Begin the copy at the line containing "Visioneer XP220 manual" in the data below and end it at the line containing "Sunflower Yellow Doobee", keeping each line exact and leaving out pictures.

Task data:
· · · · ·

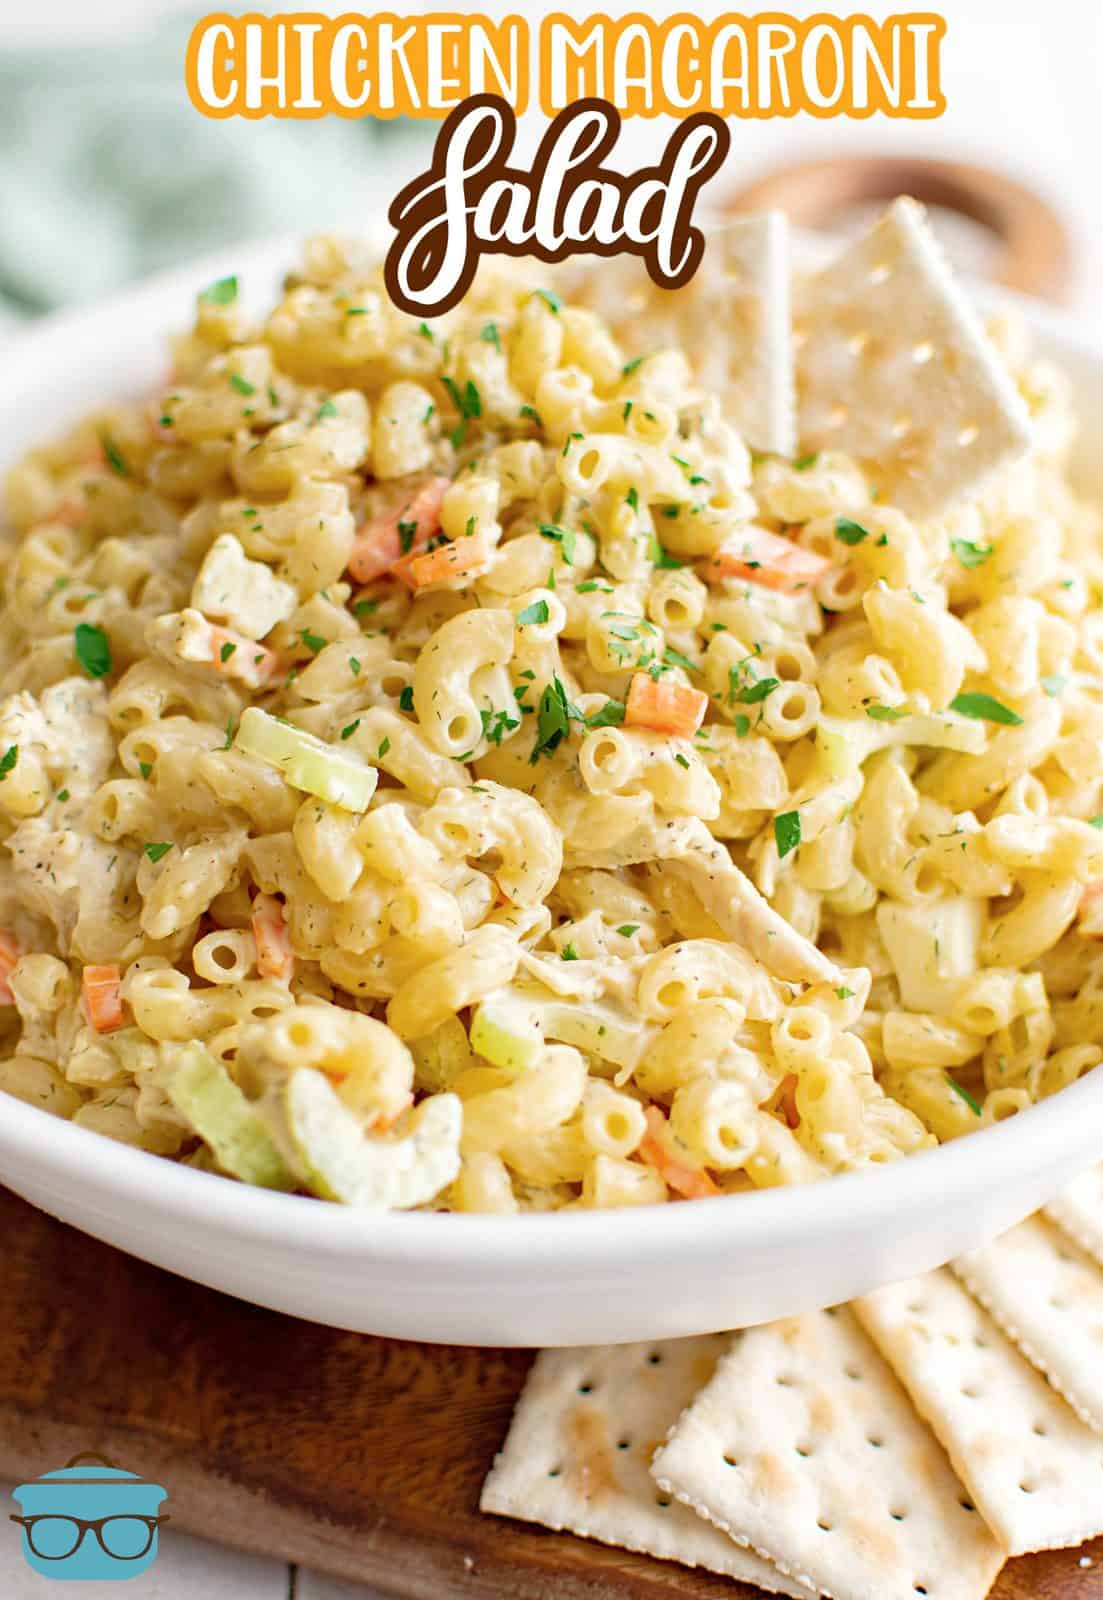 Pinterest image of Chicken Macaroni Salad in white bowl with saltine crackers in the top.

· · · · ·

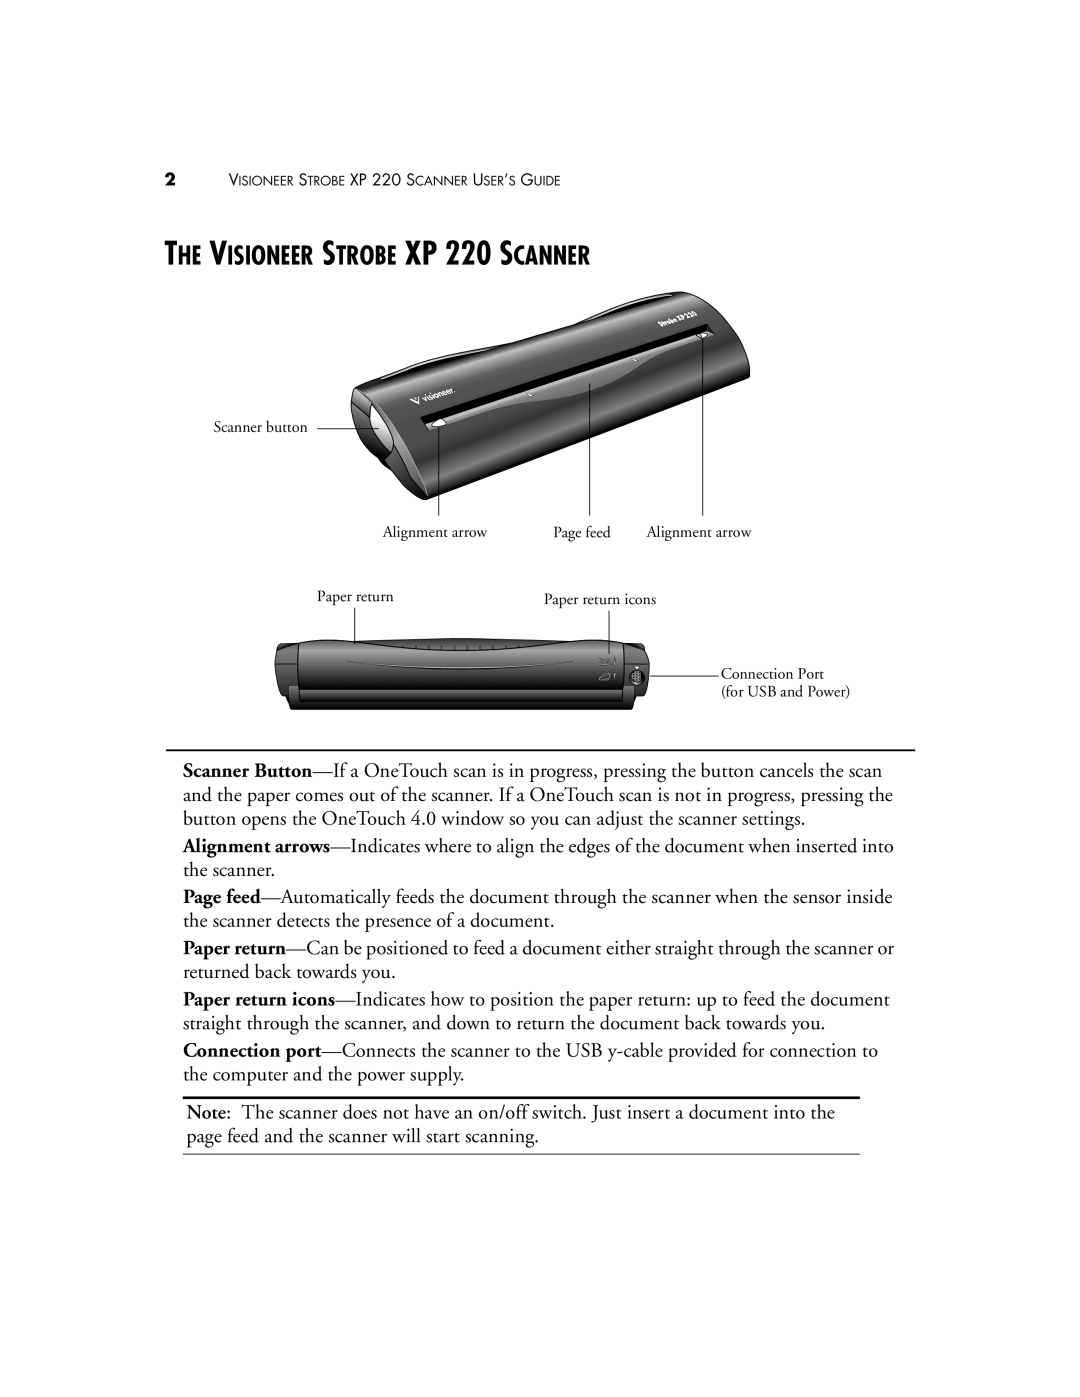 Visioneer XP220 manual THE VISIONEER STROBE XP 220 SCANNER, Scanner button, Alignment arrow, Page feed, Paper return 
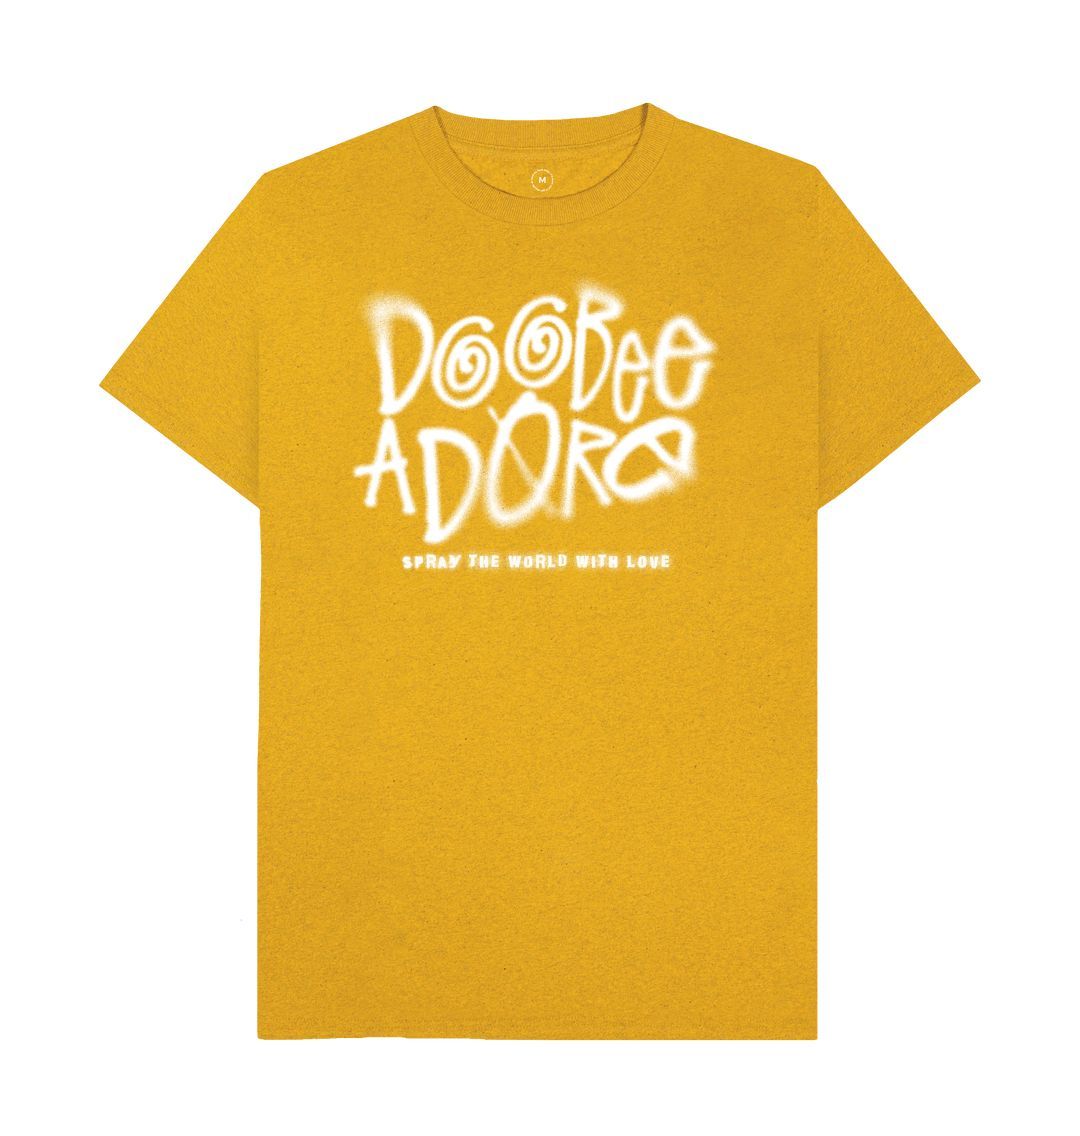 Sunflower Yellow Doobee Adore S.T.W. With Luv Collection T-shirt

· · · · ·

Output of the exercise:
 Visioneer XP220 manual THE VISIONEER STROBE XP 220 SCANNER, Scanner button, Alignment arrow, Page feed, Paper return 
 Sunflower Yellow Doobee Adore S.T.W. With Luv Collection T-shirt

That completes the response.